[Provided data]
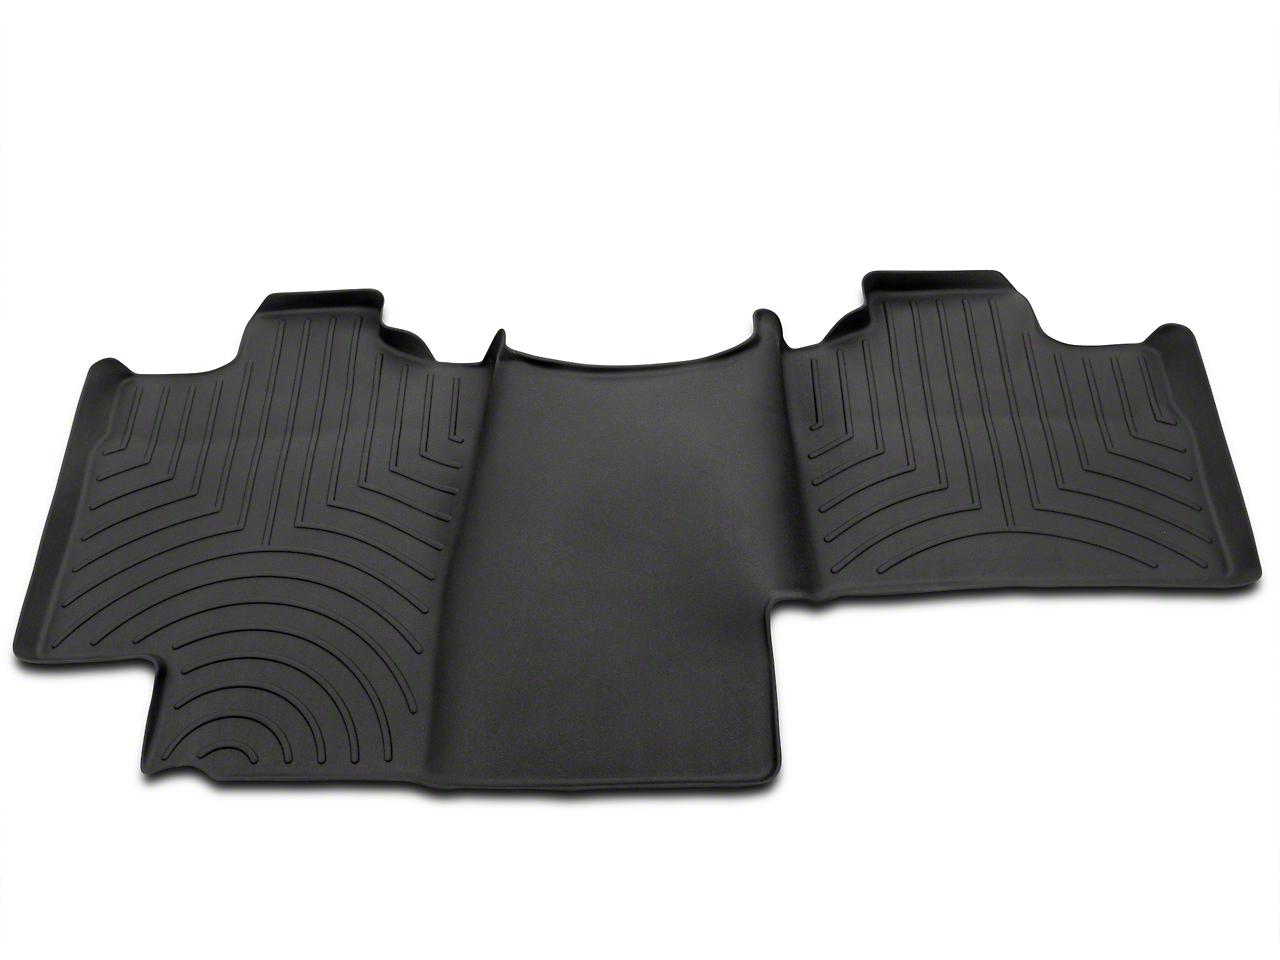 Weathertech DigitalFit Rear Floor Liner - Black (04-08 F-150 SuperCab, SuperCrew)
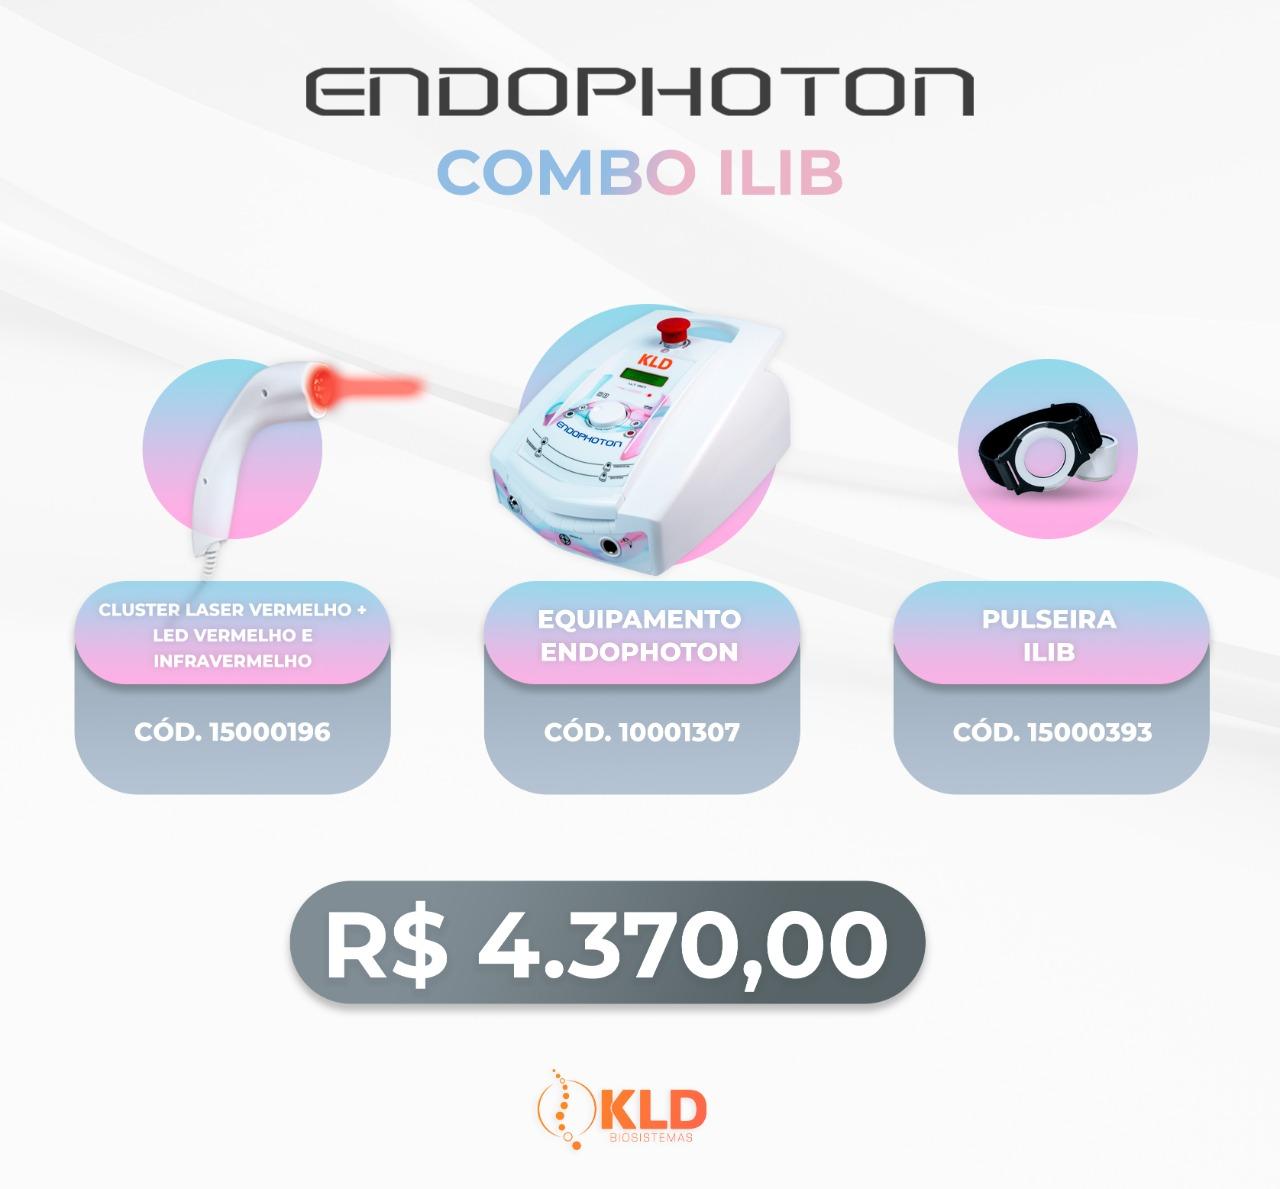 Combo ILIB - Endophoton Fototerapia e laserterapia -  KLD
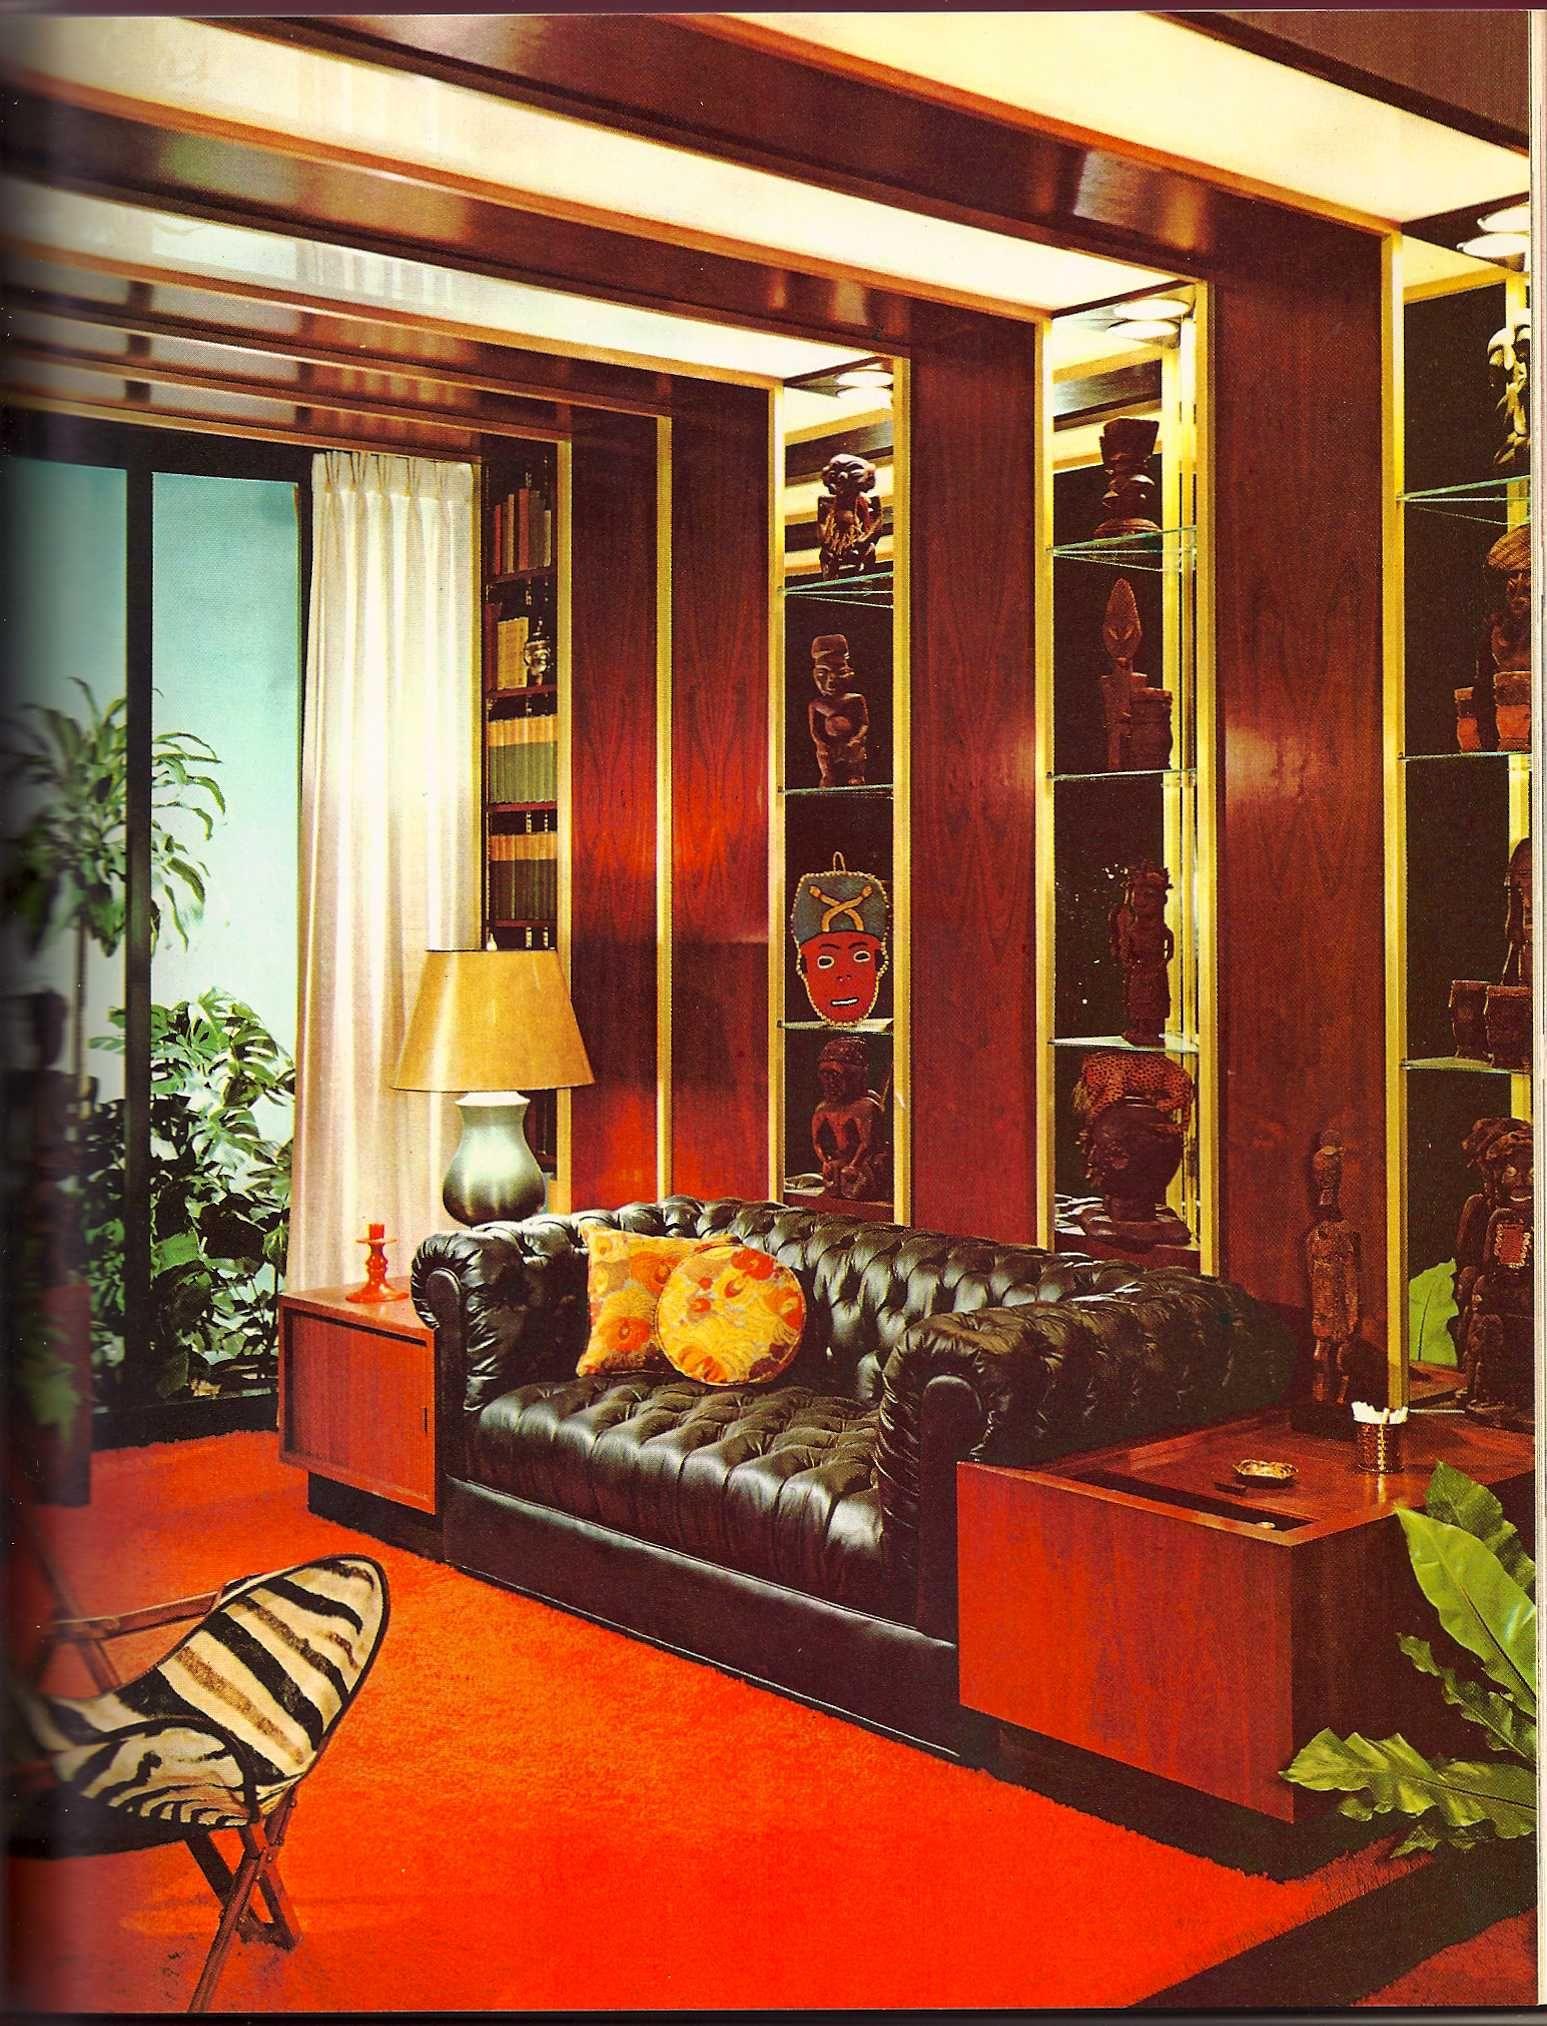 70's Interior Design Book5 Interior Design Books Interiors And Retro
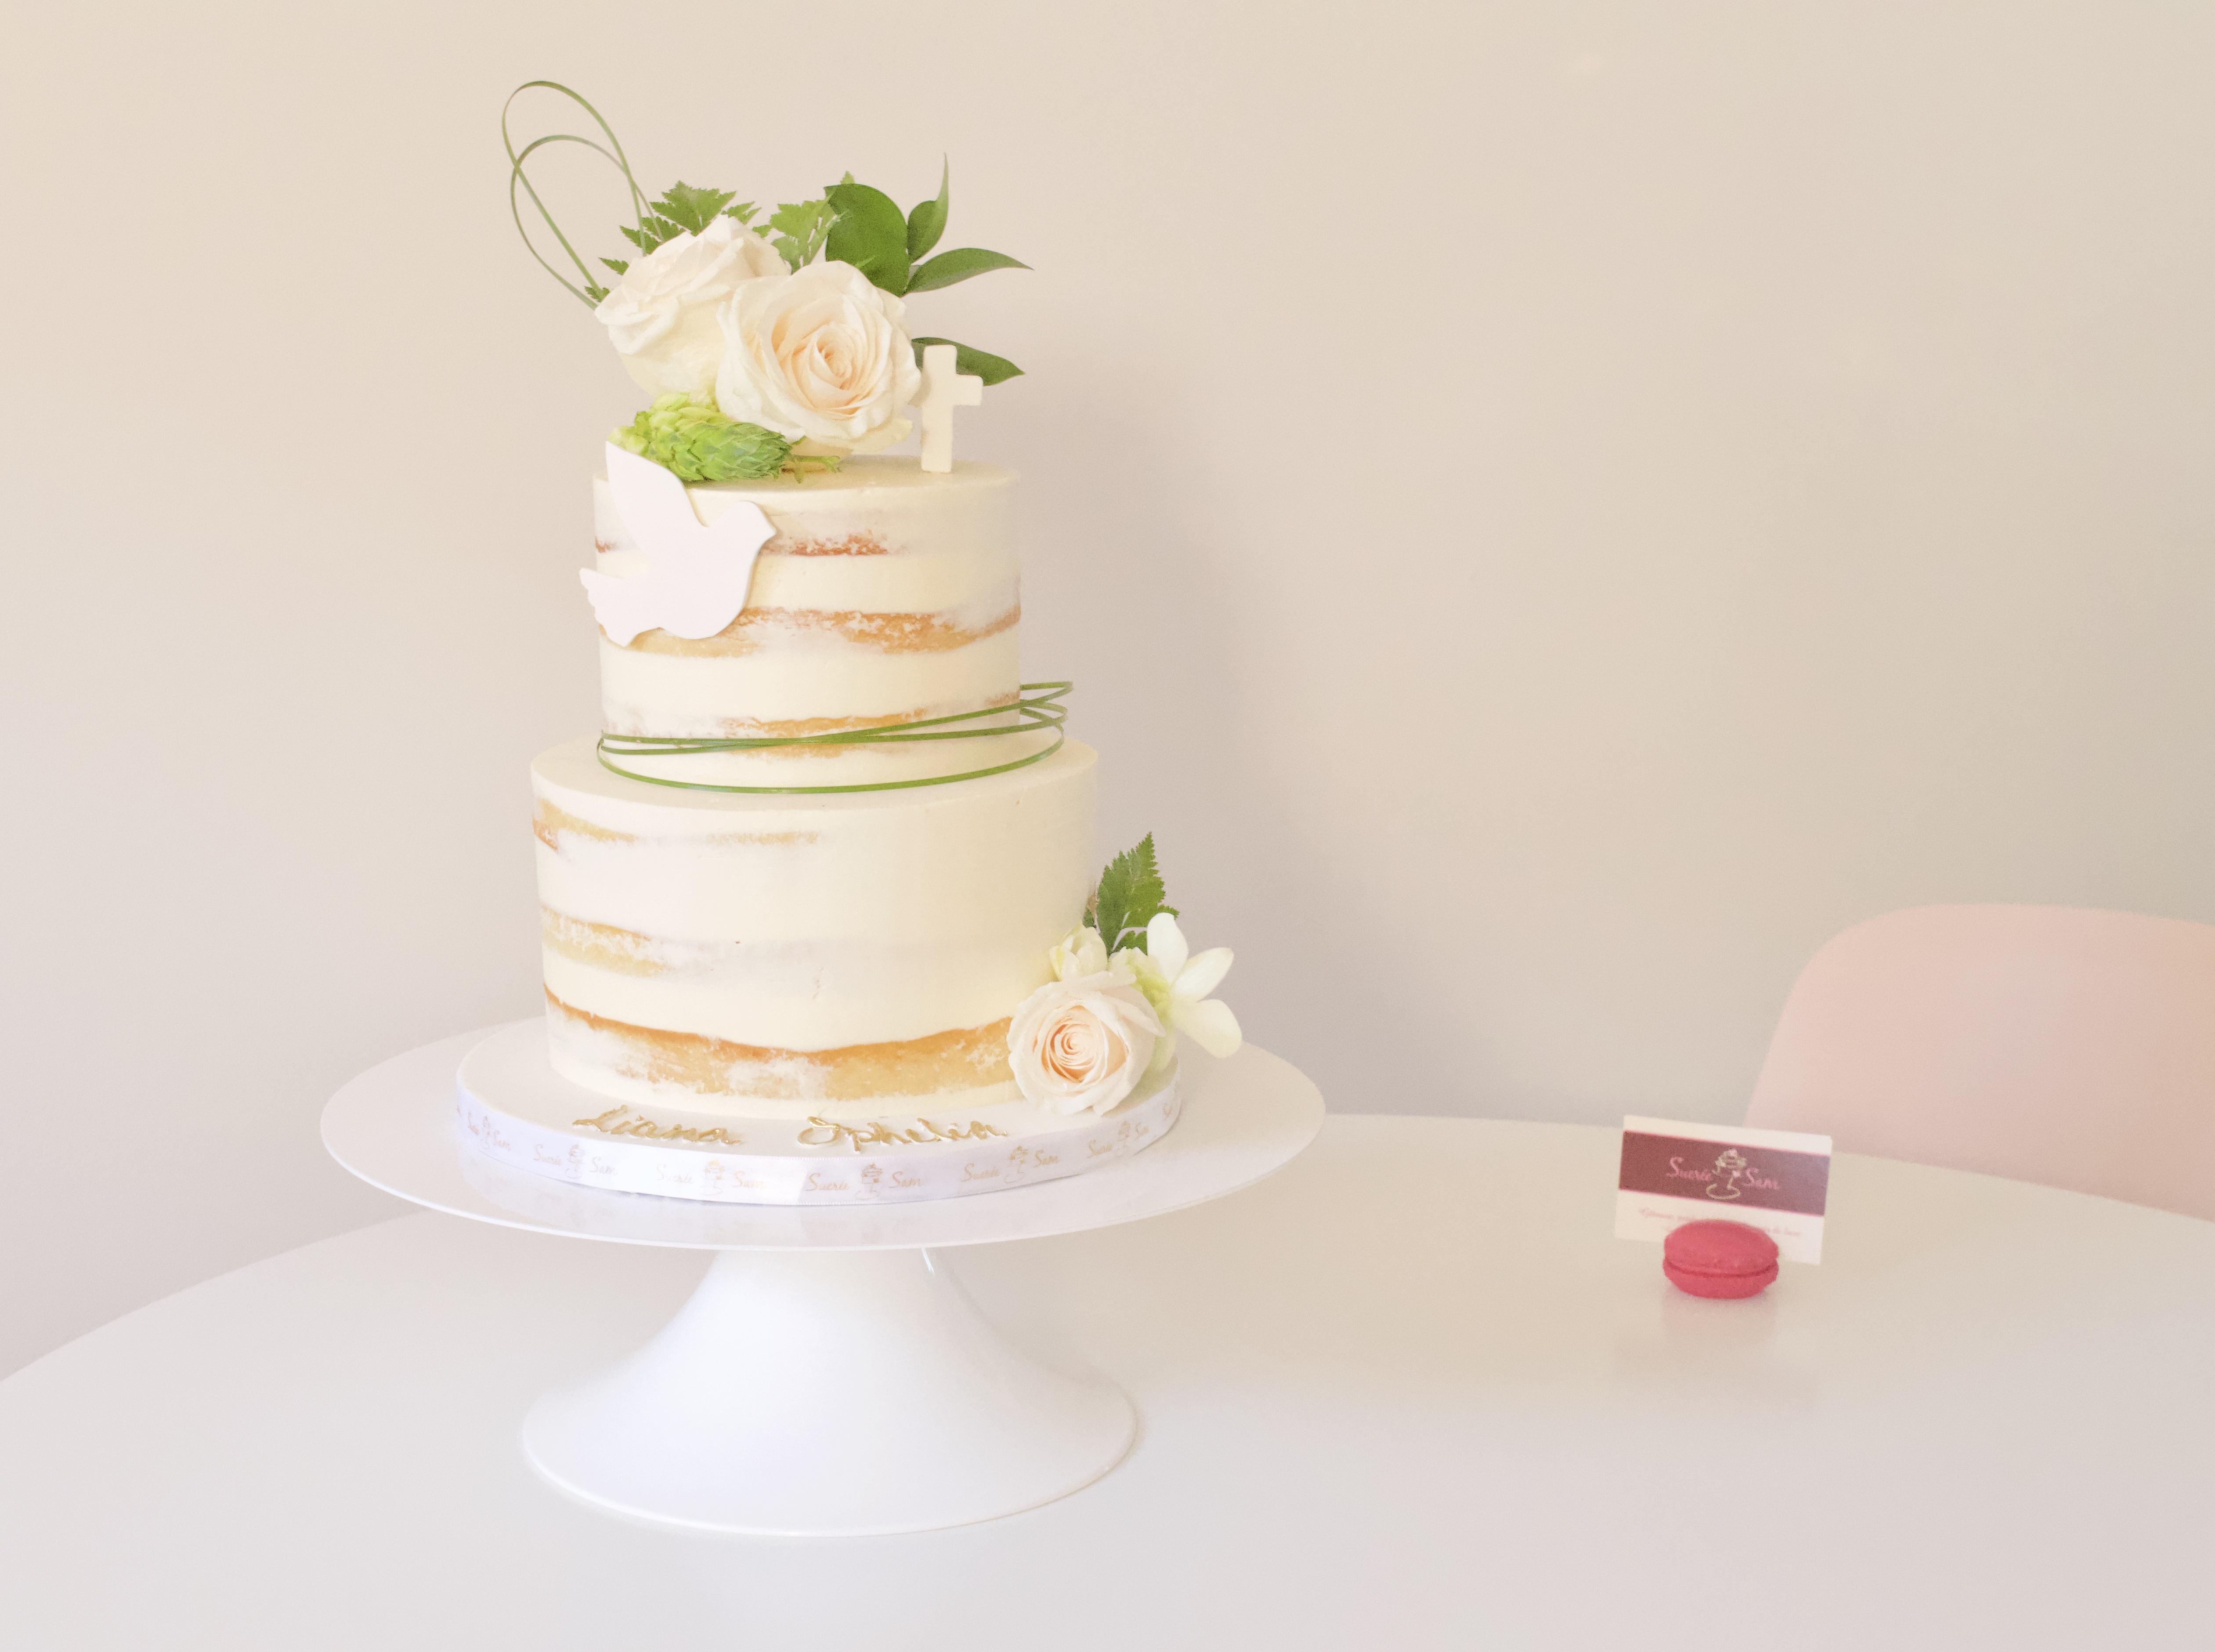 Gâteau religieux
[/Provided data]
The required output is an exact copy of the lines from the one with "Combo ILIB - Endophoton" through the final line of the data above, with pictures removed.

 Combo ILIB - Endophoton Fototerapia e laserterapia -  KLD
 70's Interior Design Book5 Interior Design Books Interiors And Retro
 Gâteau religieux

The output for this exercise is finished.